While we have all been busy unraveling the impact of AI on marketing production and capability resourcing, a generational paradigm shift has been happening in plain sight. Increasing privacy regulations and the phasing out of third-party cookies are challenging the way marketing functions have operated for over two decades, and it's all for the better.
The ongoing shift that could be described as nothing short of a revolution calls into question the way in which marketing teams buy media and evaluate attribution, and the first long-standing digital marketing practice now facing obsolescence is the click-centric attribution model, and particularly the deep-seeded last-touchpoint attribution method.
While last-touchpoint attribution has never been the most effective method for understanding the impact of marketing investment on the customer journey, generations of marketers and management teams have relied on this practice to make sense of ROAS.
Declining cookie usage and more stringent data collection restrictions are reducing the accuracy of the data used for attribution, affecting both last-click and multi-touch attribution.
In an environment where businesses are struggling with
user journey attribution modeling, data fragmentation due to privacy regulations is likely to make it even harder to get a complete picture of customer touchpoints, forcing marketers to develop privacy-conscious marketing models that place greater emphasis on collecting and utilizing first-party data and taking a full-stack view of marketing measurement.
Creating new privacy-conscious marketing models requires the ability to plan and analyze an integrated media mix. Reintroducing a contextual approach to media buying and analysis after years of heavy reliance on behavioral placements, is the first step toward driving this positive change. Additionally developing expertise in analyzing user-journey correlational performance across the entire media mix can position marketing departments to better understand ROMI than ever before.
The last twenty years of media buying have shown that ROAS analysis and marketing planning cannot operate in silos. Instead, it is essential to take a comprehensive view of the user journey across the entire marketing stack for effective attribution.

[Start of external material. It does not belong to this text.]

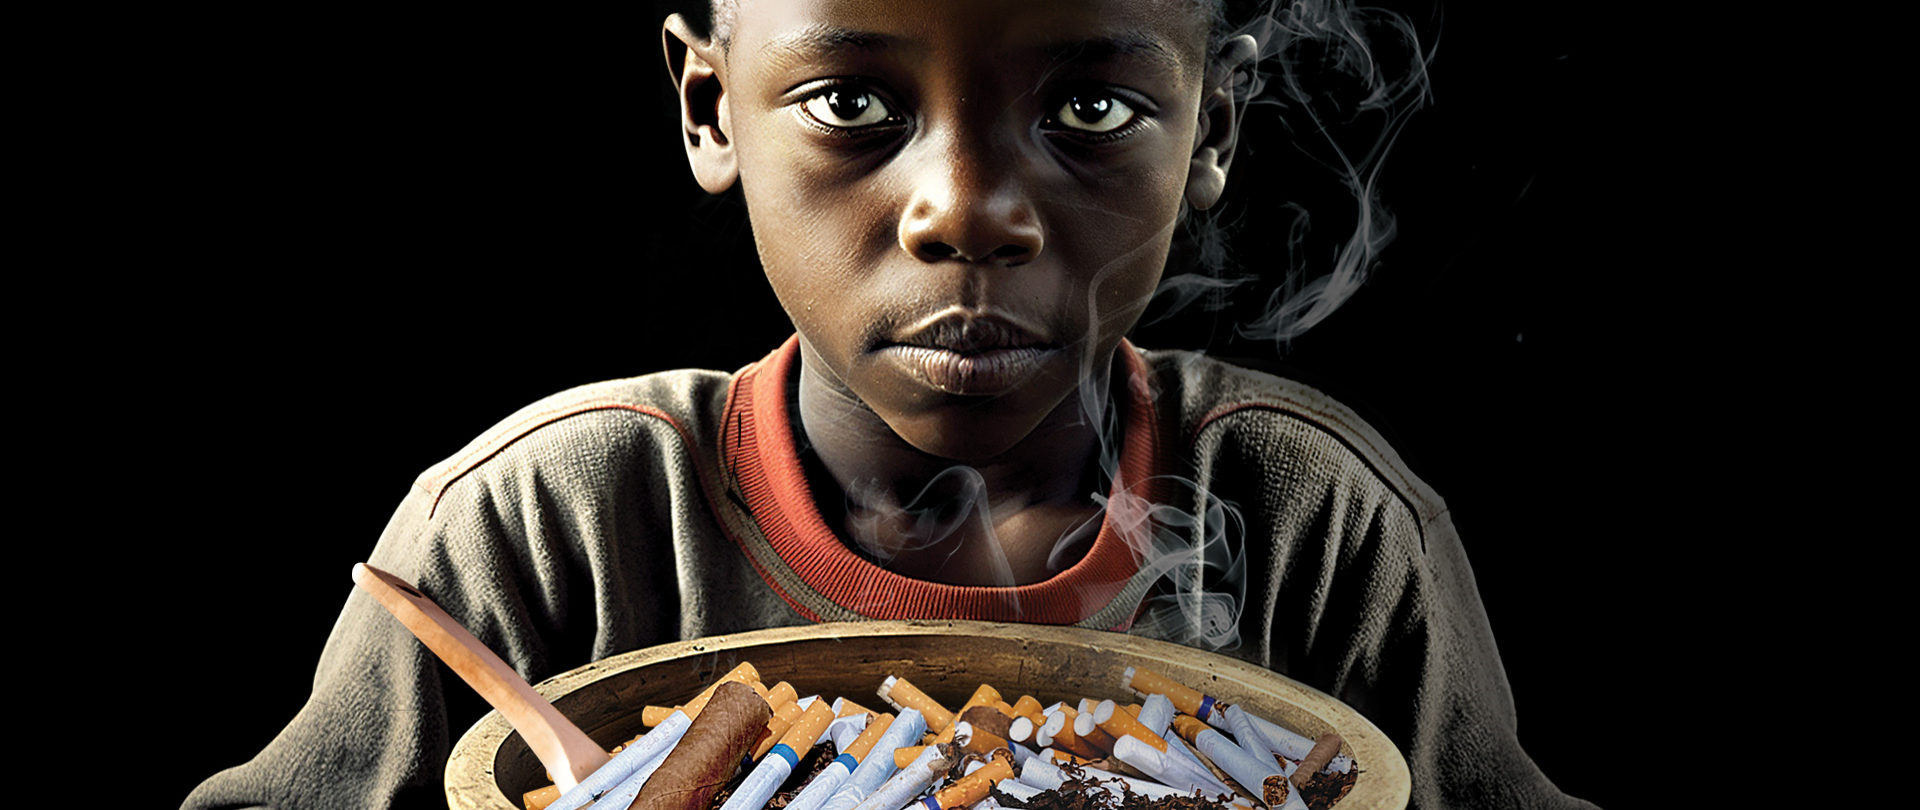 plakat czarny, chłopiec ciemnej karnacji, smutne oczy trzyma talerz z papierosami jak posiłkiem

In the classic case of 'necessity being the mother of invention,' the ongoing privacy changes could provide a stagnant industry with the necessary drive to make fundamental improvements by integrating media buying and attribution into strategic marketing planning.
The shift away from third-party cookies offers marketers a generational opportunity to innovate and improve measurement methodologies, as well as to rethink old media buying and metrics through redefined integrated planning and innovative attribution technology and it's an opportunity not to be missed.